What needs to be done:
The copy should hold exactly the lines below from the one that contains "Киндер сюрприз ко дню Святого Валентина 😍" through the one that contains "Контейнер с бантиком" and nothing else, so no pictures.
[Exercise material Boundary: Start]
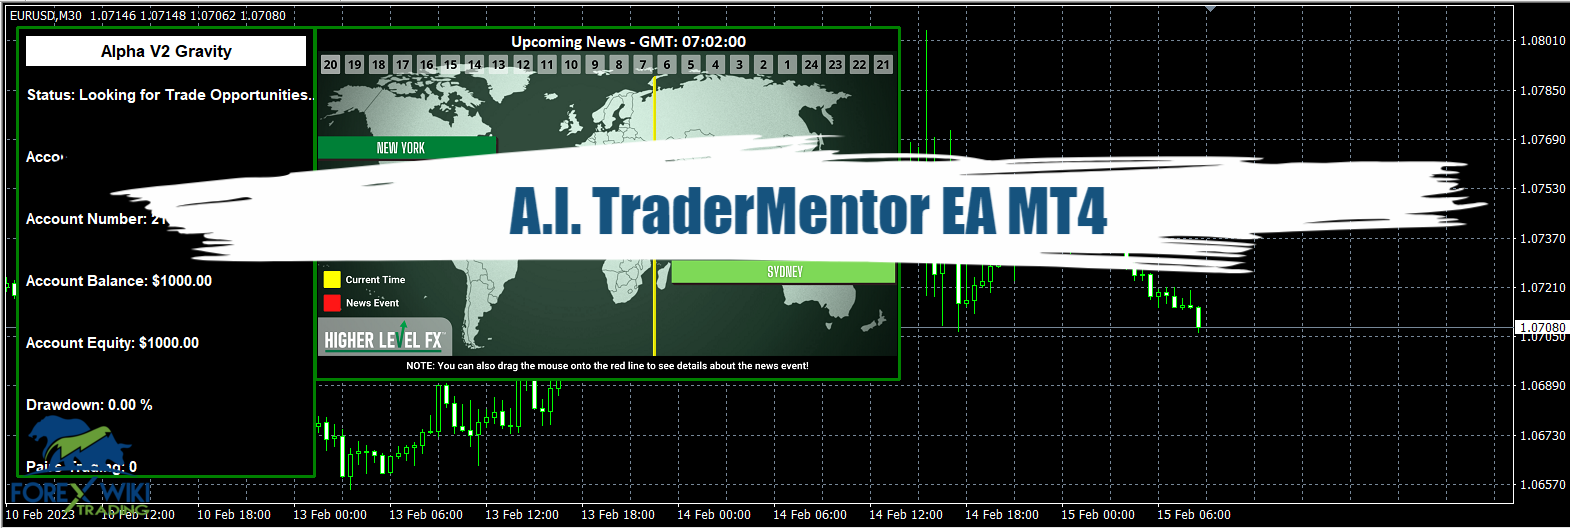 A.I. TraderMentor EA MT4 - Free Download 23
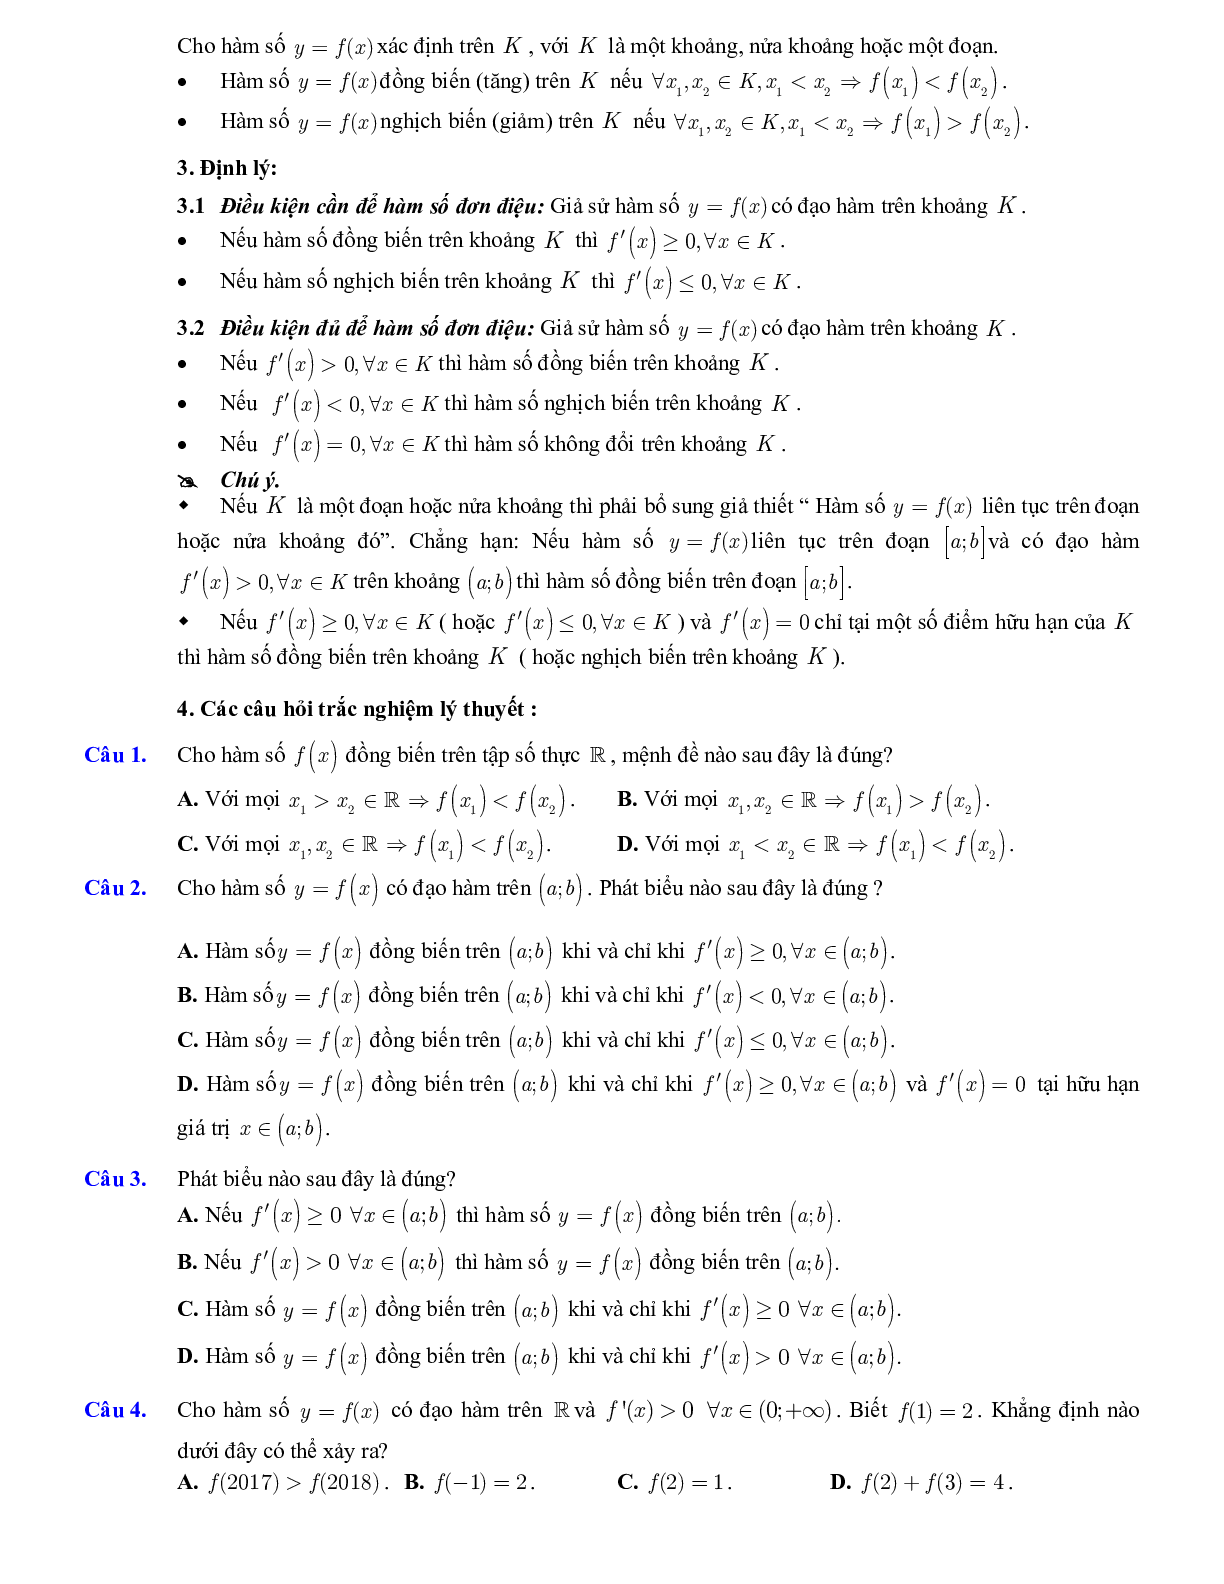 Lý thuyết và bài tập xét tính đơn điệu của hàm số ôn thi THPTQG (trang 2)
[Exercise material Boundary: End]
[Exercise material Boundary: Start]
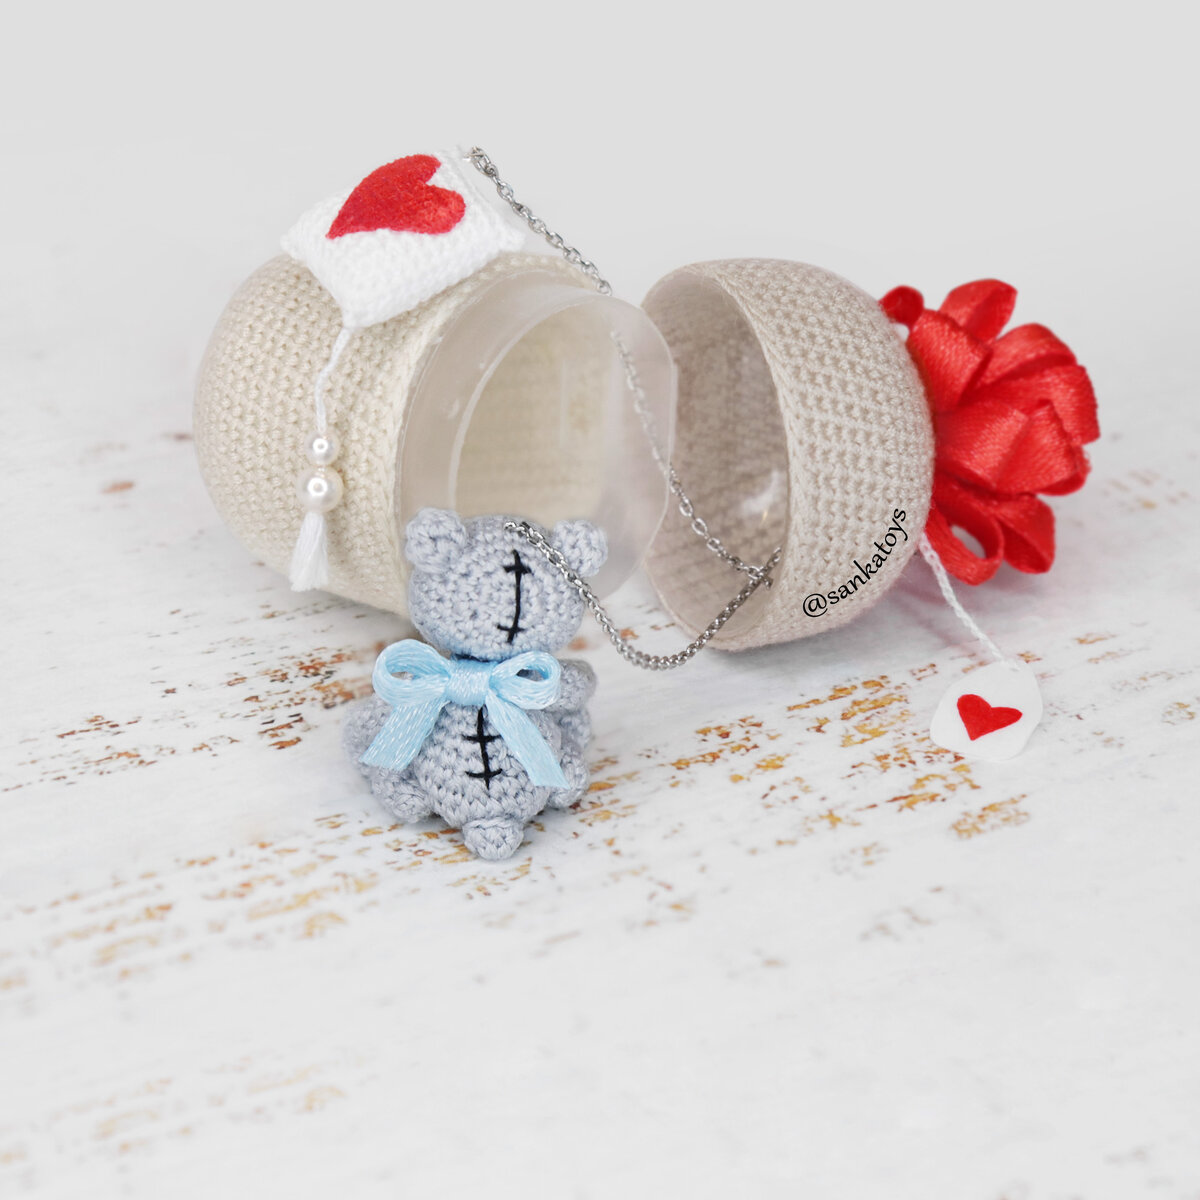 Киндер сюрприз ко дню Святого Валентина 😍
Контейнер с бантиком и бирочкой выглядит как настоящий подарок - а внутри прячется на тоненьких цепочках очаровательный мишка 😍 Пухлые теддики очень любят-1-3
[Exercise material Boundary: End]
Task solution:
 Киндер сюрприз ко дню Святого Валентина 😍
Контейнер с бантиком и бирочкой выглядит как настоящий подарок - а внутри прячется на тоненьких цепочках очаровательный мишка 😍 Пухлые теддики очень любят-1-3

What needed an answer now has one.